Translation was about taking work my team and I understood deeply and making it usable in the context of a real decision.
Translation is choosing what to lead with, what to summarize, and what to hold in reserve, so the data support the decision at hand and the work has a chance to move forward.
Same data. Different questions. Different decisions.
To make this real, let’s look at a familiar example and see how the way we talk about the data changes as decision responsibility changes.
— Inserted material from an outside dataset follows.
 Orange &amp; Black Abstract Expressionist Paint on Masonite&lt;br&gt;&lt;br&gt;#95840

I’m using a website here, but the same pattern shows up anywhere people interact with your work, whether that’s product pages, public portals, library databases, donation inflows or enrollment forms. Wherever people engage, the data describing that engagement becomes an input to decisions about where to spend time, money, and attention.
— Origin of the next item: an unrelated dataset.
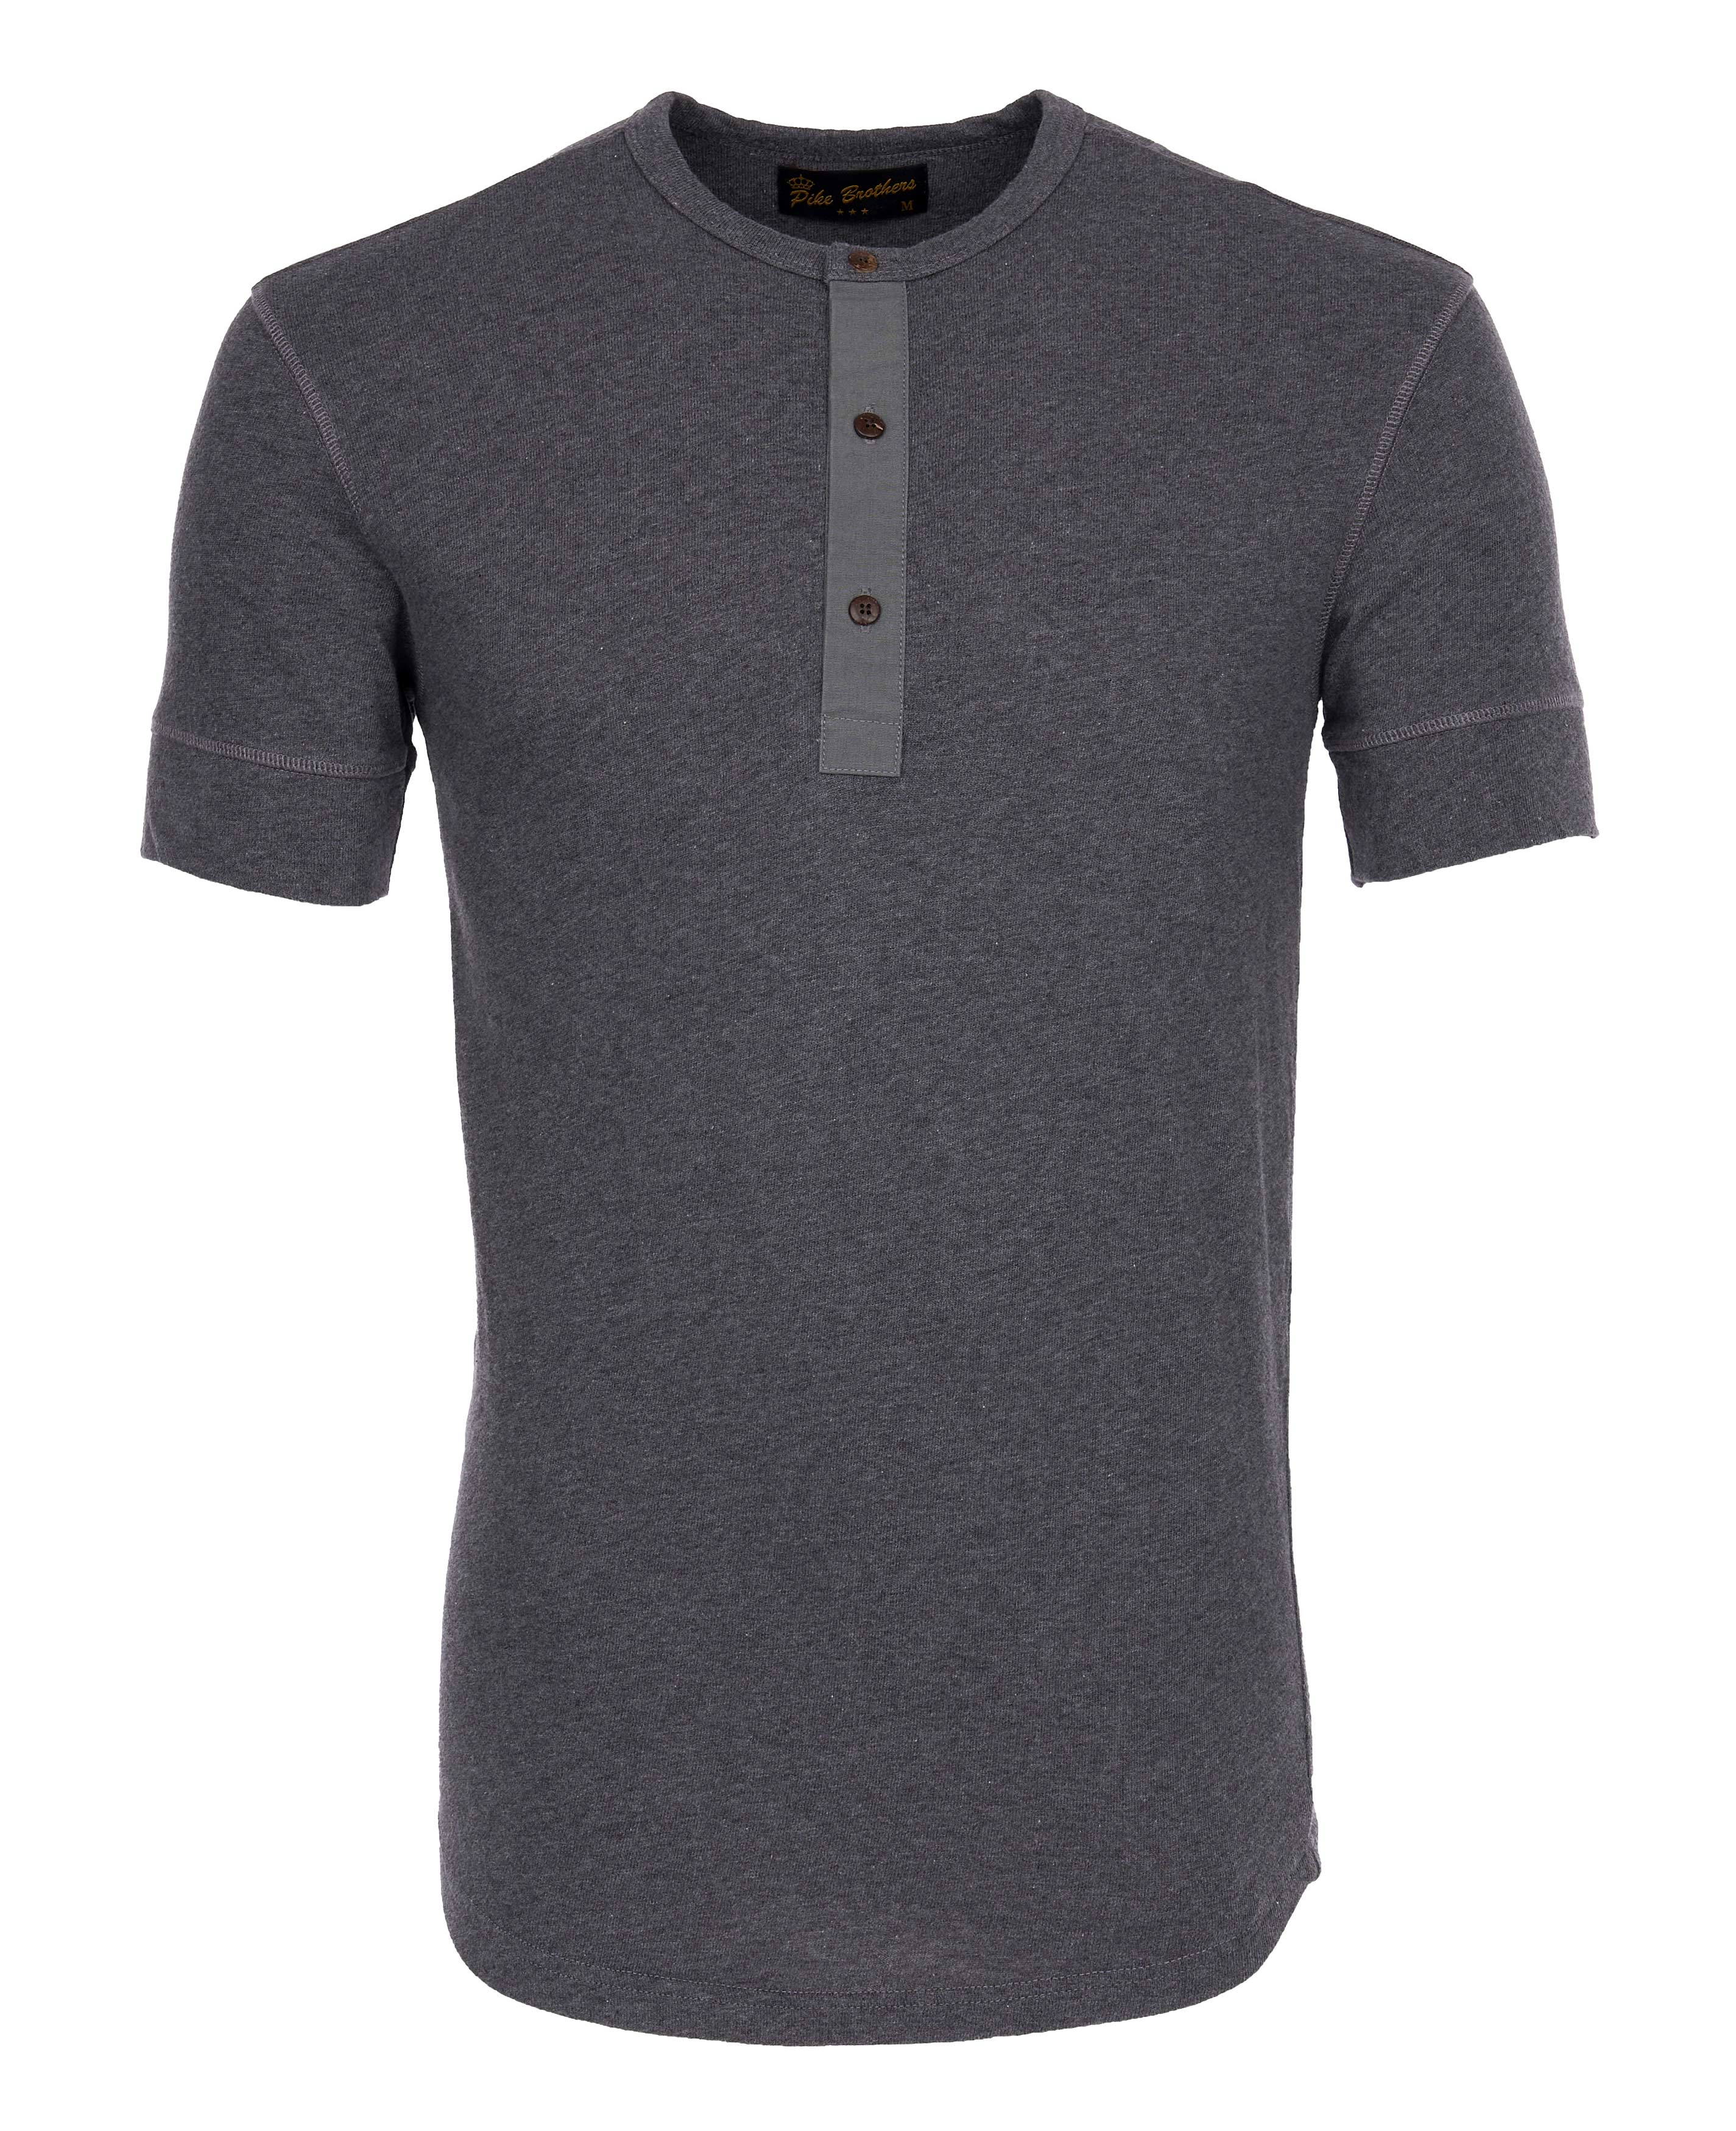 1927 Henley Shirt short sleeve grey melange

When you’re close to the work, website data helps answer: What’s happening? Is this working? Traffic patterns, drop-offs, and usage help diagnose issues and test improvements. The dollar impact is indirect; your work supports better execution.
When you’re coordinating work, the same data helps answer: What should we focus on? Which areas deserve more attention? Where should staff time, design effort, or marketing support go, and where should it be pulled back? At this level, the data starts to support recommendations and trade-offs that map directly to budgets and capacity.
When you’re setting direction, the question sharpens further: Is this where we want to place our bets? Leaders are deciding whether the signals are strong enough to justify investment, what the risk is if they’re wrong, and what they’re choosing not to fund as a result.
The data hasn’t changed. The decision and the consequences have. That means the way you frame the data has to change too.
How the Same Data Gets Used Differently
Here’s how that shift shows up in practice: what you emphasize, what you summarize, and what you keep in reserve.
Where Translation Starts: Your Message
When data doesn’t have the effect you expect, it’s rarely because people are anti-data. People don’t resist data. They resist irrelevance.
To avoid this situation, consider these questions before you start polishing slides or pulling screenshots:
Who is this for, and what kind of decision are they responsible for?
Are they close to the work, coordinating it, or setting direction?What decision is being made - and what outcome am I trying to support?
People, budget, direction, or permission to proceed?What does this audience already know, and what don’t they?
What context can you skip, and what must be explicit?What would be easy to misread without framing?
Where could someone draw the wrong conclusion?
Once you’re clear on those answers, then build the charts.
A few guardrails help keep the focus where it belongs:
Don’t lead with detail when the decision is directional.
Keep depth available, but don’t make it the entry point.Don’t hide uncertainty to make the case cleaner.
Decision-makers need to understand risk, not be shielded from it.Don’t present data as neutral when you have a recommendation.
Translation often means stating your point of view — and standing behind it.
And resist the urge to re-explain the chart, add more slides, or defend methodology when that isn’t what’s actually being questioned.
Done well, this preparation keeps you from drowning people in detail or oversimplifying and losing trust - and it lets you lead the conversation instead of waiting to be asked.
Data Translation is a Leadership Skill
As your responsibility grows, the work stops being just about producing accurate analysis. It becomes about helping good decisions happen: advocating for the resources, direction, and support the work actually needs, while making the trade-offs visible and the risks explicit.
You’ll encounter these shifts more than once. Roles and contexts change. Decisions move further from the hands-on analysis. Each time, the data may stay the same, but how you position it has to adapt.
That ability to adapt - to translate with judgment - is using data as a leadership tool.